What does anyone think about creating a "consensus" list that a telco or ISP might use to block at the MTA level?
For example a domain that appears on:
((SC or AB) and (JP or OB)) or PH
I think the percentile based lists are probably the best way to go - ie. top 50% of all requested surbl listed domains or something like that?
We should probably work on developing some more diverse spamtrap feeds. Quite a lot of ISP's have well established spamtraps that they are either not using or are completely underutilising.
Lists like SC, AB and JP all seem to be good data sources, but if you were trying to be certain of 0 FP's you'd need something to reliably and continuously rebuild your data against and from.
On Friday, November 12, 2004, 4:00:47 AM, David Hooton wrote:
On Fri, 12 Nov 2004 02:45:15 -0800, Jeff Chan jeffc@surbl.org wrote:
Pondering the question of how to make a "telco grade" SURBL that had as close to zero false positives as possible, but would still catche many spams, I remembered that many of the biggest spam domains seem to appear in several different SURBL lists.

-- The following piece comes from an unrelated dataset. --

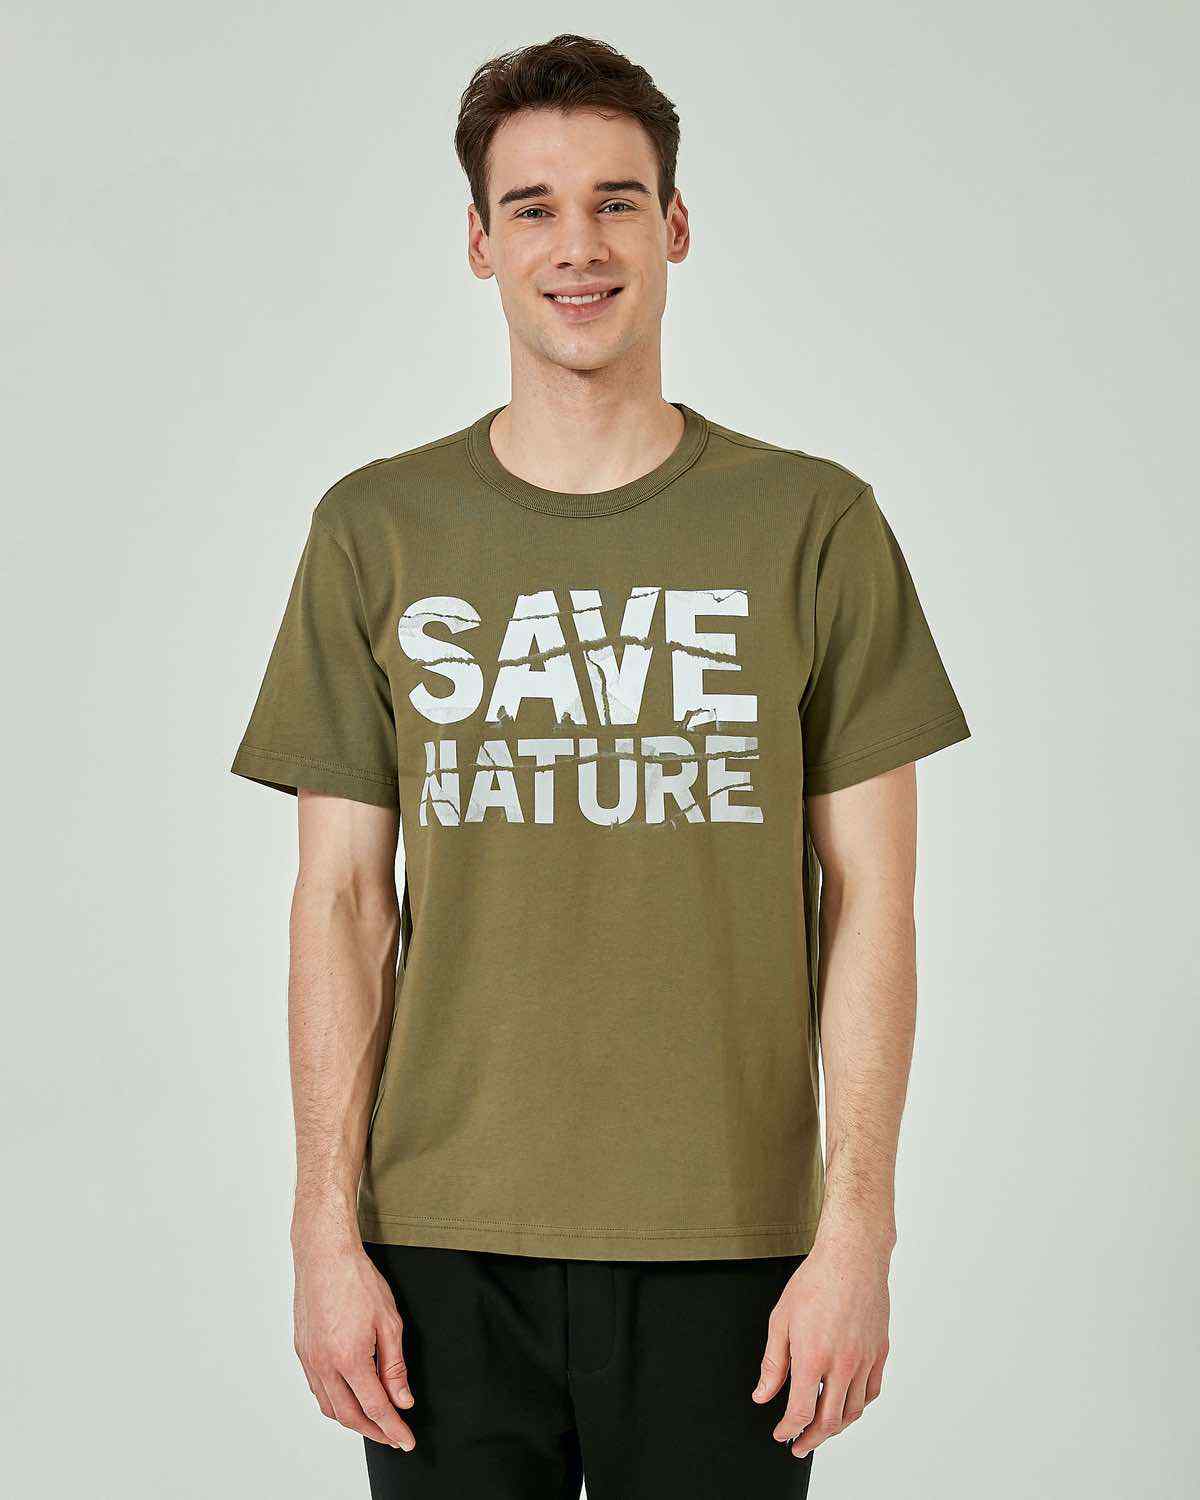 Benetton Message Tshirts. 1

What does anyone think about creating a "consensus" list that a telco or ISP might use to block at the MTA level?
For example a domain that appears on:
((SC or AB) and (JP or OB)) or PH
I think the percentile based lists are probably the best way to go - ie. top 50% of all requested surbl listed domains or something like that?
Percentiles are good, but they're only possible when you have frequencies of reports, queries, etc. The only list I have report frequencies for is SC, so it's not possible for me to compare percentiles across other lists.
One thing we could take percentiles on is DNS queries, and that could be useful, but it doesn't exclude FPs. If we didn't whitelist w3.org for example, it would have lots of DNS query FPs. Frequencies of DNS query hits against blocklists could get us an approximation of the "top spammers" with some possible FPs included among the most frequent queries.
We should probably work on developing some more diverse spamtrap feeds. Quite a lot of ISP's have well established spamtraps that they are either not using or are completely underutilising.
Lists like SC, AB and JP all seem to be good data sources, but if you were trying to be certain of 0 FP's you'd need something to reliably and continuously rebuild your data against and from.
More traps and more data are definitely desirable, but we're also interested in seeing if we can make smarter use of the existing data, so thanks for your suggestions.
Jeff C. -- "If it appears in hams, then don't list it."